The 33-year farce of Western appeasement of Iran may be reaching its denouement. For the last few months, the pace of events have quickened as the West sanctions and threatens, and Iran blusters about closing the Strait of Hormuz, cutting off oil to Europe, and unleashing its terrorist proxies. Just last week Iran’s “Supreme Leader” Ayatollah Ali Khamenei subtly suggested that Iran would step up its already considerable support of terrorist outfits targeting Israel and the U.S.: “From now on, in any place, if any nation or any group confronts the Zionist regime, we will endorse and we will help. We have no fear expressing this.” Indulging traditional Islamic anti-Semitic language, Khamenei said Israel was a “cancerous tumor that should be cut and will be cut,” and claimed that the U.S. would suffer defeat and damage its regional prestige if it decides to use military force to stop the country’s nuclear program.

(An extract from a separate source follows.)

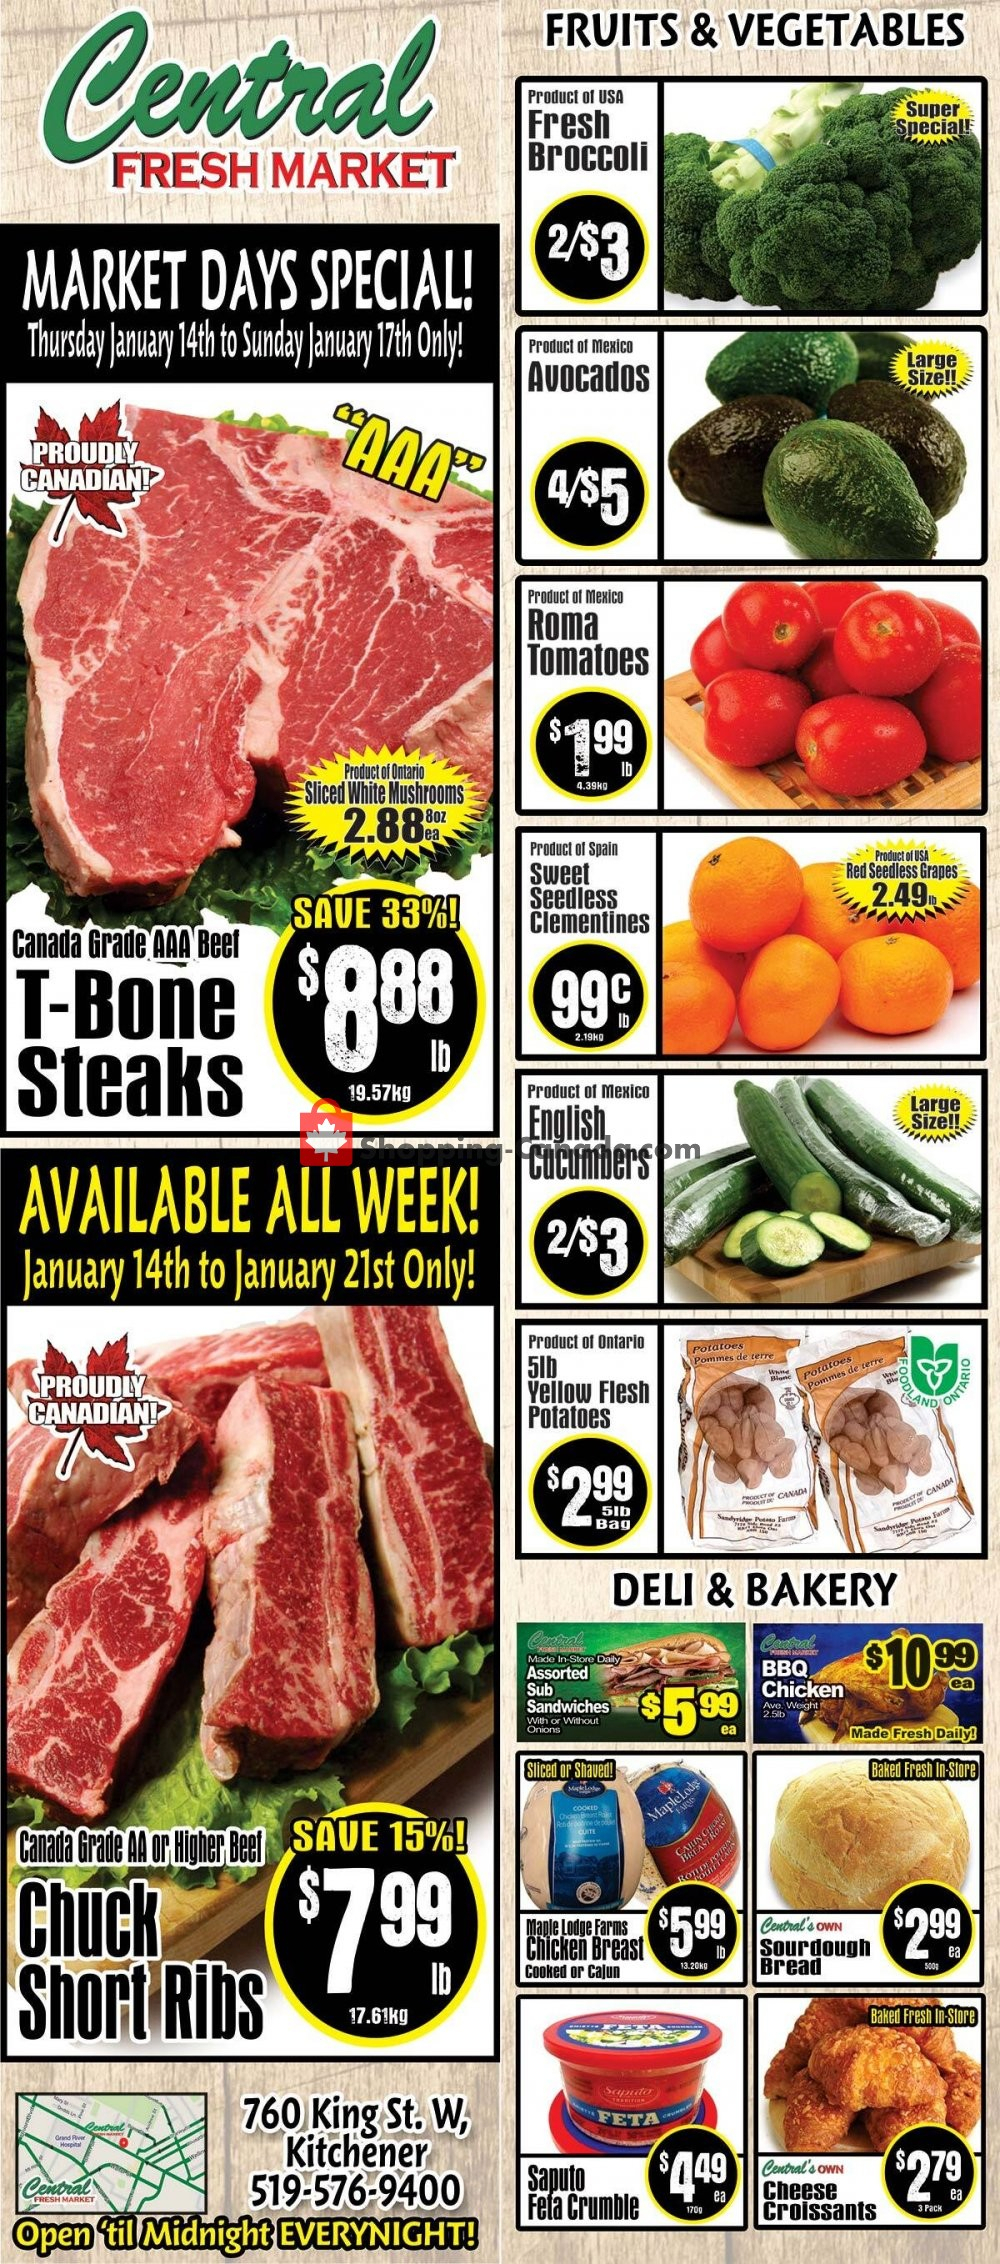 Central Fresh Market Canada, Flyer - (Market Days Special): January 14 - January 21, 2021

Meanwhile, Secretary of Defense Leon Panetta has said there was a “strong likelihood” that Israel would attack Iran in April, May, or June of this year, a supposition reinforced by French President Nicolas Sarkozy. And Israeli Defense Minister Ehud Barak said in his remarks at the Herzilya Conference that Iran’s “military nuclear program is steadily nearing ripeness and is about to enter the ‘immunity zone.’ From that point on, the Iranian regime will be able to act to complete the program, with no effective disturbance and a time that is convenient for it.” The backdrop of this war of words is the West’s imposition of yet more sanctions, while the Iranian regime once again rope-a-dopes the International Atomic Energy Agency inspectors, and rumors of American troop concentrations in the region abound.
A constant in all this the diplomatic fencing is the threat of military action by Israel, along with the rumors surrounding such an event and speculations about the extent of Israel’s military capabilities. More important, however, is the unsavory way the Obama administration is using the threat of Israeli military action to influence Iranian behavior, at the same time it positions itself to avoid any responsibility for an attack. Thus Panetta publicly has been warning Israel against attacking, listing all the “unintended consequences” that would follow, at the same time the U.S. demands that Israel do nothing without alerting the United States in advance. However, despite these public warnings to Israel, it has long been clear that the administration’s diplomatic efforts have all been underwritten by the implicit threat that Israel will take unilateral military action. So it is that Israel is made the Dirty Harry of the Middle East, her actions decried by Western nations too cowardly to do what they know needs to be done, as in 1981, when Israel destroyed Iraq’s Osirak atomic reactor only to be condemned by the United States.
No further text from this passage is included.